Without having to wait long, Nidji appeared on stage to make the atmosphere even hotter. The dynamic songs and energetic movement of all the personnel of Nidji able to dissolve the audience in the party music.  Giring, vocalist, agile running around, inviting spectators to sing along, to jump, to dance along with the movements as exhibited by Giring on the stage. Upbeat tunes such as Disco Lazy Time, Hapus Aku, Biarlah, Di Atas Awan made the floor of Melbourne Town Hall rocked by the pounding and the leaping of the audience. The dynamic songs were balanced with songs that were more slow such as Child, Bila Aku Jatuh Cinta, Kau dan Aku, bringing a more romantic atmosphere. Furthermore, the actions of Giring to invite a women on stage to sing and dance together on stage, really made the atmosphere more alive on stage. Borrowing a song from Coldplay, A Sky Full of Stars, actions to dance together while singing Laskar Pelangi, until doing a selfie along with the crowd, it seems undeniable that day that Nidji was able to steal the hearts of Melbournians. Arguably the band that was fronted by Andro (bass), Randy (keyboard), Rama (guitar), Ariel (guitar) Adrie (drums), was the peak of the day’s festivities.

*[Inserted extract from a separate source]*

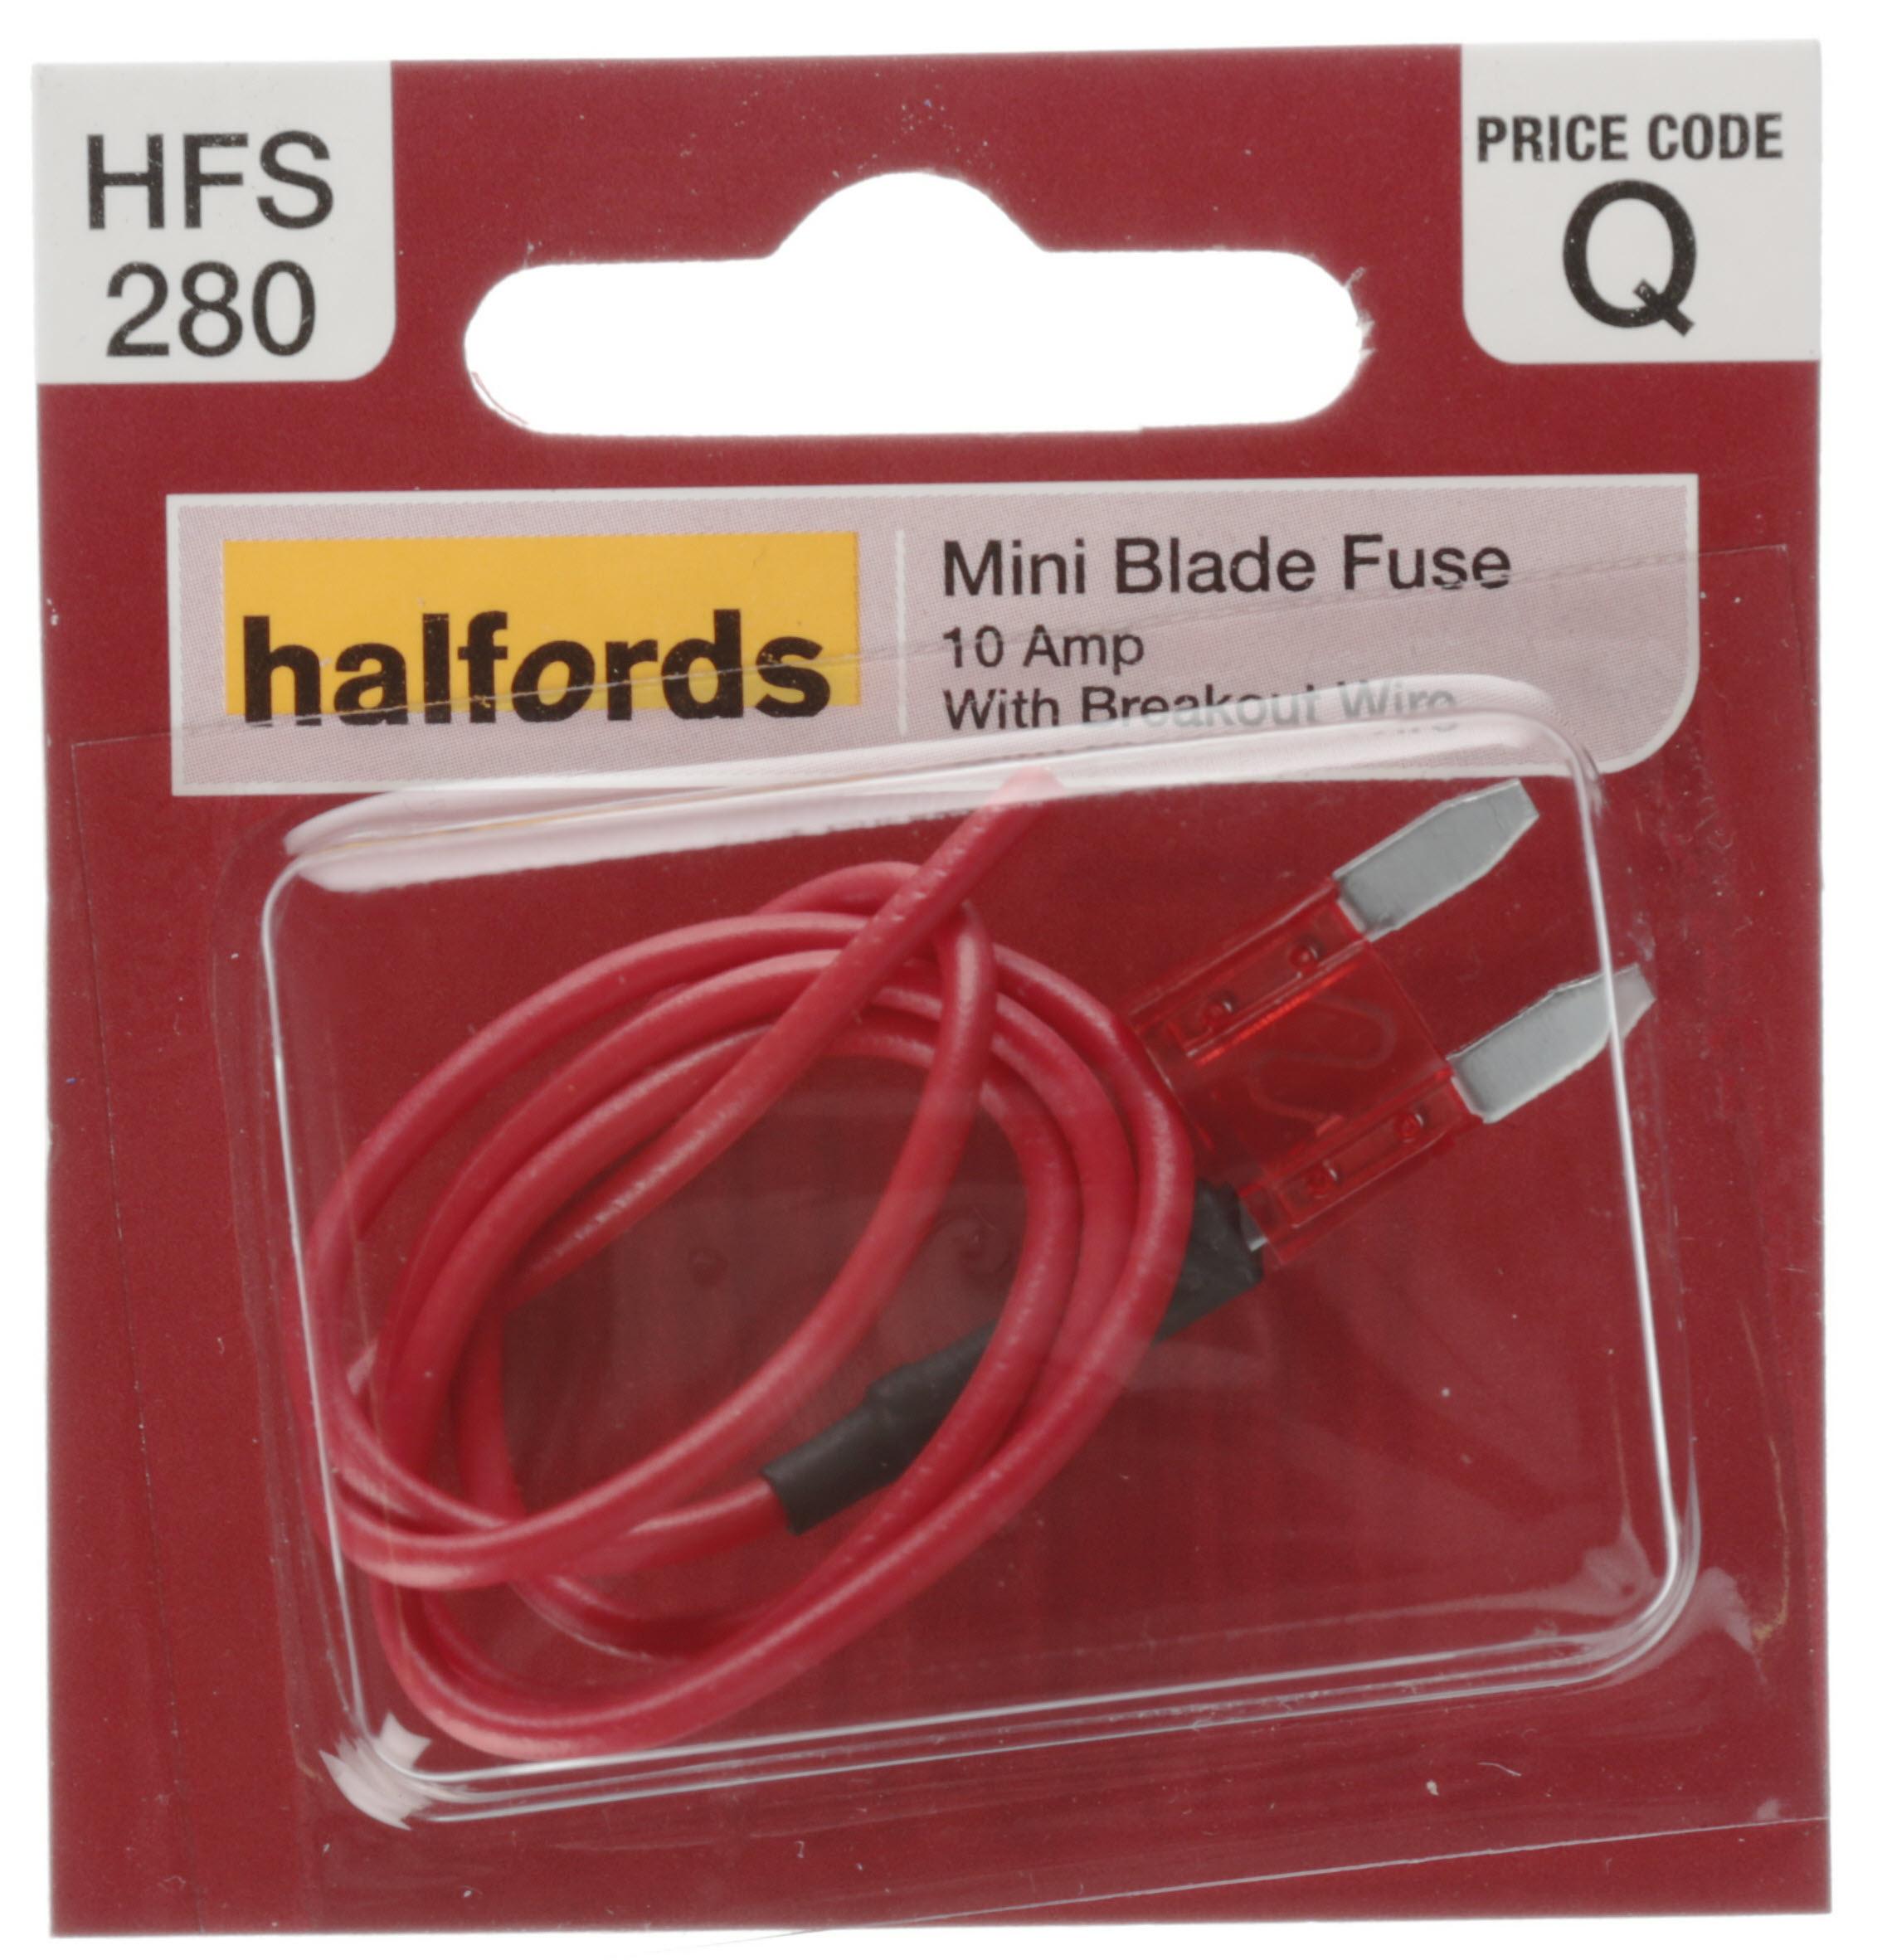 Halfords Mini Blade Fuse + Breakout Wire 10 Amp (Hfs280)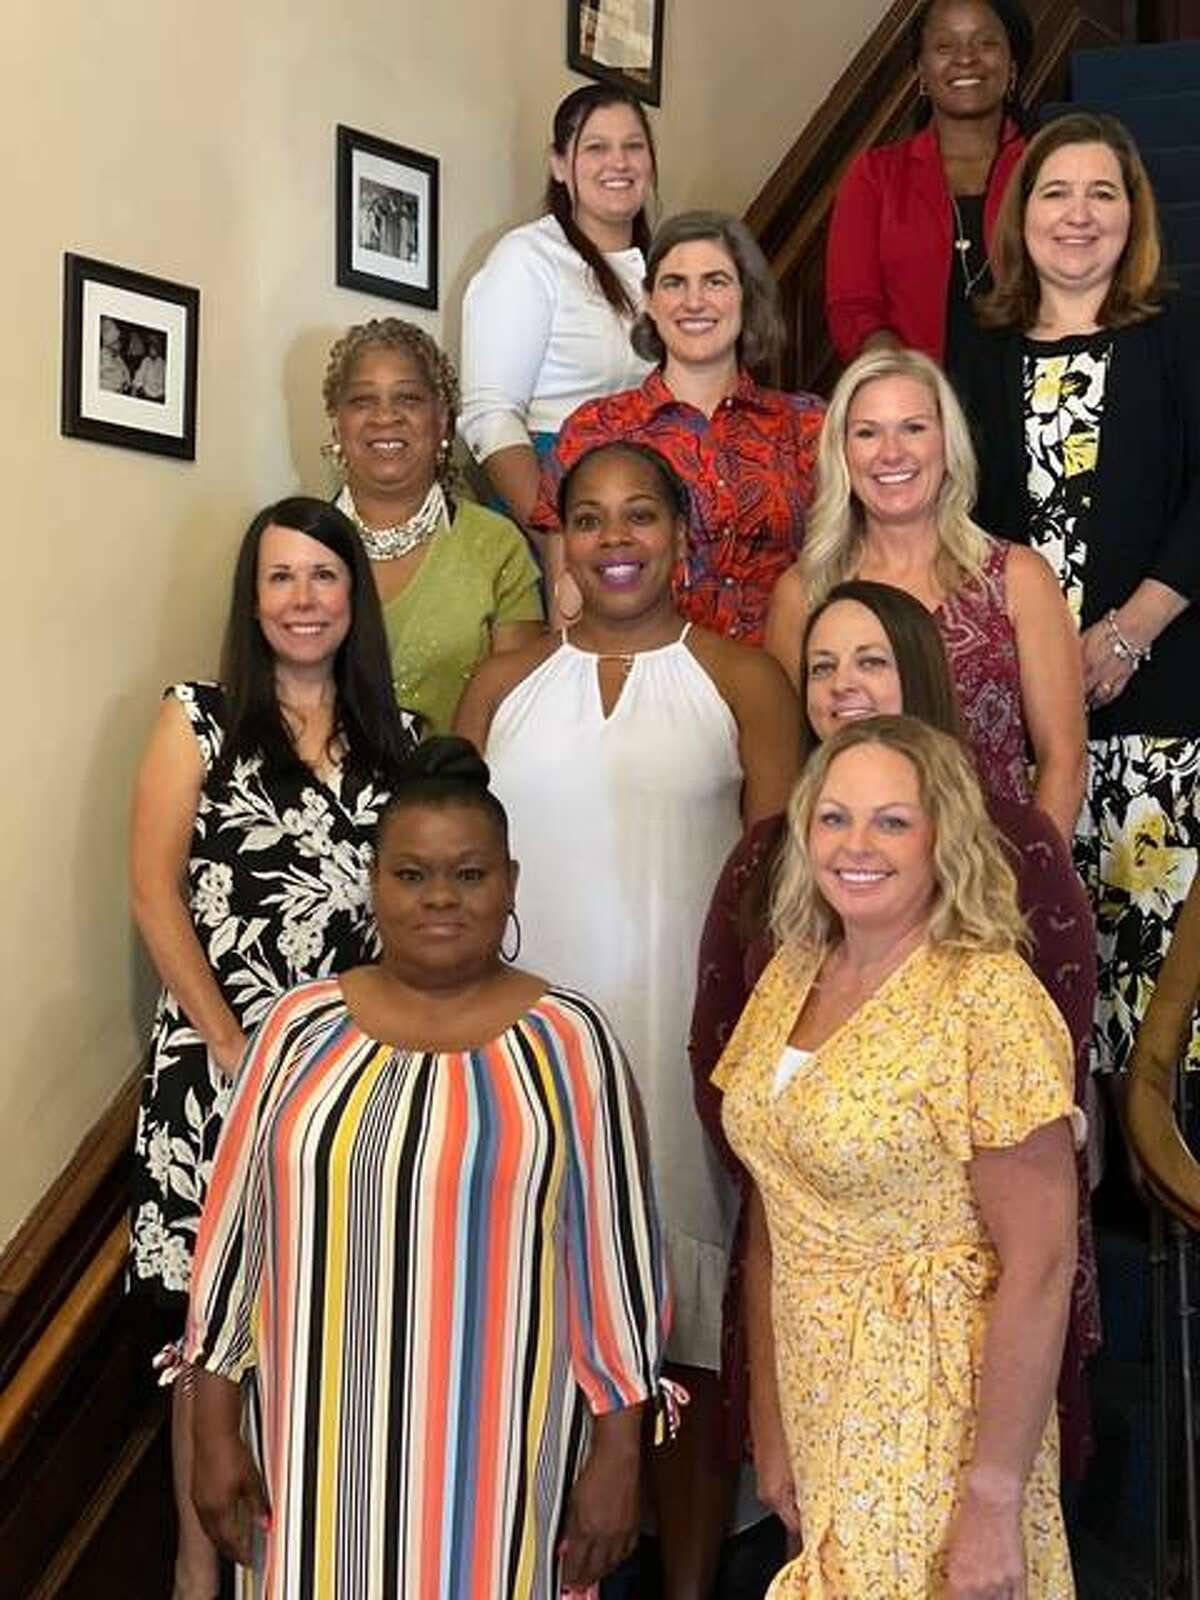 The 2021 Women of Distinction include, from bottom to top, Starrette Smith, Jennifer Gottlob, Crystal Uhe, Amy Gabriel, Yvonne Campbell, Lanea DeConcini, Marie Nelson, Lacy McDonald, Carrie Schildroth, Savanna Bishop, and Sandra West.

It doesn’t mean it was anticlimax, because the display of NOAH as the land band was indeed the band most eagerly awaited. Comprised of Ariel (vocals), Uki (guitar), Lukman (guitar), David (keyboards), NOAH does have an unusual charm. Charismatic vocalist, Ariel, was able to make the audience immersed in his old songs with the label Peterpan as well as his new hits. As the audience are invited to reminisce with songs that have captured the hearts of Indonesian music lovers since the early 2000s with songs such as Mimpi Yang Sempurna, Topeng, as well as Yang Terdalam. A rang of songs such as Cobalah Mengerti, Hidup Untukmu Mati Tanpamu, Langit Tak Mendengar, made the audience sing-along and dance together. As the most awaited song, Separuh Aku, sung by all the visitors who were present at the biggest (Indonesian) musical event in Melbourne with all their hearts. With the quality of the songs and the performance that is always the maximum on stage, no wonder the name NOAH remains as a top Indonesian band.

The success of Soundsekerta 2015 can certainly not be separated from the preparation and teamwork of the committee. A music event of this quality, besides being eagerly awaited by Indonesian citizens living abroad, also makes an effort to make Indonesian music continue to prosper and be loved. If it’s not us who can make the Indonesian music community survive, then who else?